Didihat ist ein kleiner Ort von 6000 Einwohnern in Uttrakhand, nahe der Nepalesischen Grenze. Die Reise ist lang und umständlich. Von Delhi benötigt man mit Bus und Bahn mindestens zwei Tage.

So kommt, es, dass sich hierher kaum ein Tourist, geschweige denn ein Ausländer verirrt und ich mich bisher auch nicht, denn öffentliche Transportmittel in Indien und deren mehrfache Nutzung über Tage sind anstrengend.

Doch nun ergab sich, dass ich wegen des Ablaufs meines Visa nach Nepal ausreisen musste und so, gar nicht mehr allzu fern von Didihat entfernt war (nur noch 8 Autostunden).

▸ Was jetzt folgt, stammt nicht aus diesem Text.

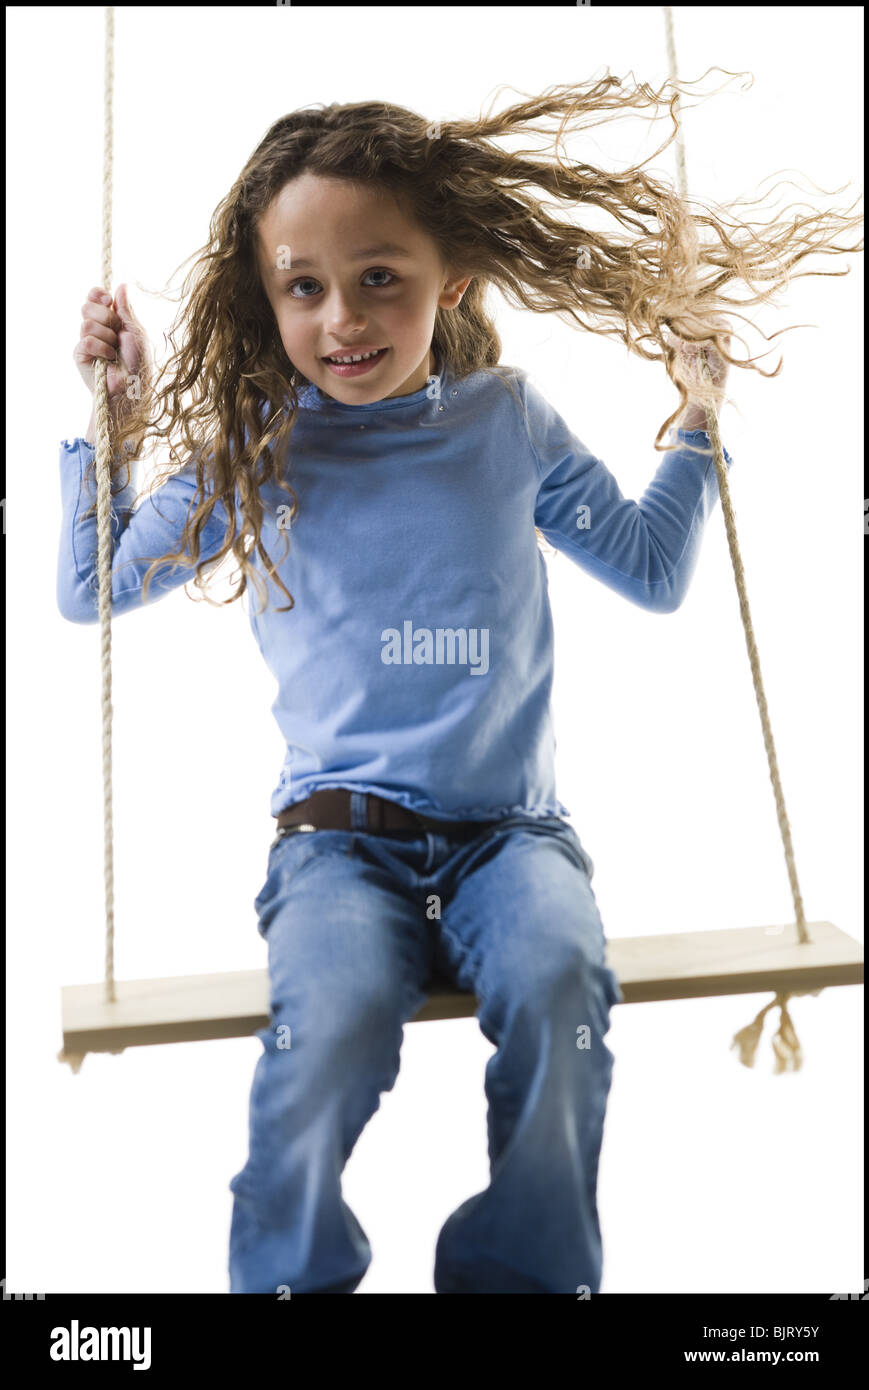 Young girl playing on a swing Stock Photo
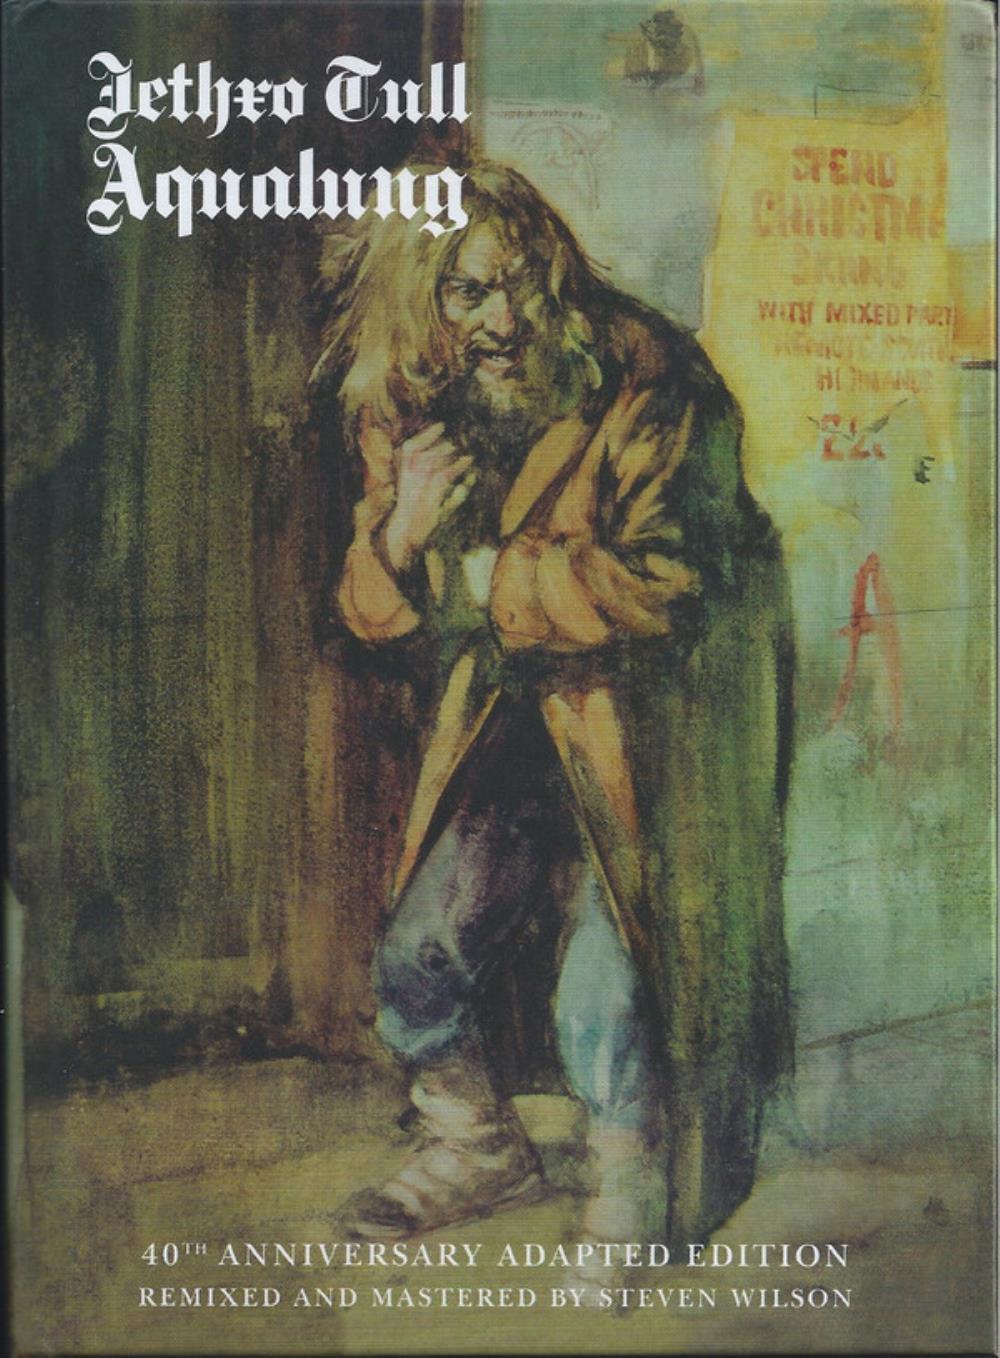 Jethro Tull - Aqualung - 40th Anniversary Adapted Edition CD (album) cover

Außerdem würde Rajesh (der Kommandant) selbst nur noch wenige Tage hier sein, da er nach drei Jahren in Didihat, einen neuen Standort zugeteilt bekommen hat.

Also nutze ich die günstigen Umstände und meine letzte Chance und reise nach Didihat in das SSB Lager.

Hier wohne ich seit etwa einer Woche und ich muss sagen, dass es mir hier gut geht. Sehr gut sogar. Da ich als Gast des Kommandanten vor Ort bin, teile ich vieler seiner Privilegien: es wird für mich gekocht, ich darf meine Wäsche zum Waschen abgeben, beim Tennisspiel, stehen 5 Soldaten um uns herum, die die Bälle sammeln und auf meinen täglichen Fahrradtouren durch die beeindruckende Umgebung der Kumoun Berge, habe ich ein ganzes Begleit -Team um mich, das mich führt und auf mich aufpasst.

Ich kenne die Mountainbiker des SSB Teams gut von den Rennen in Indien und so macht es extra Spaß mit den Jungs und den zwei Mädels unterwegs zu sein . So verbessere ich nicht nur meine Fähigkeiten auf dem Mountainbike, sondern auch mein Hindi ☺.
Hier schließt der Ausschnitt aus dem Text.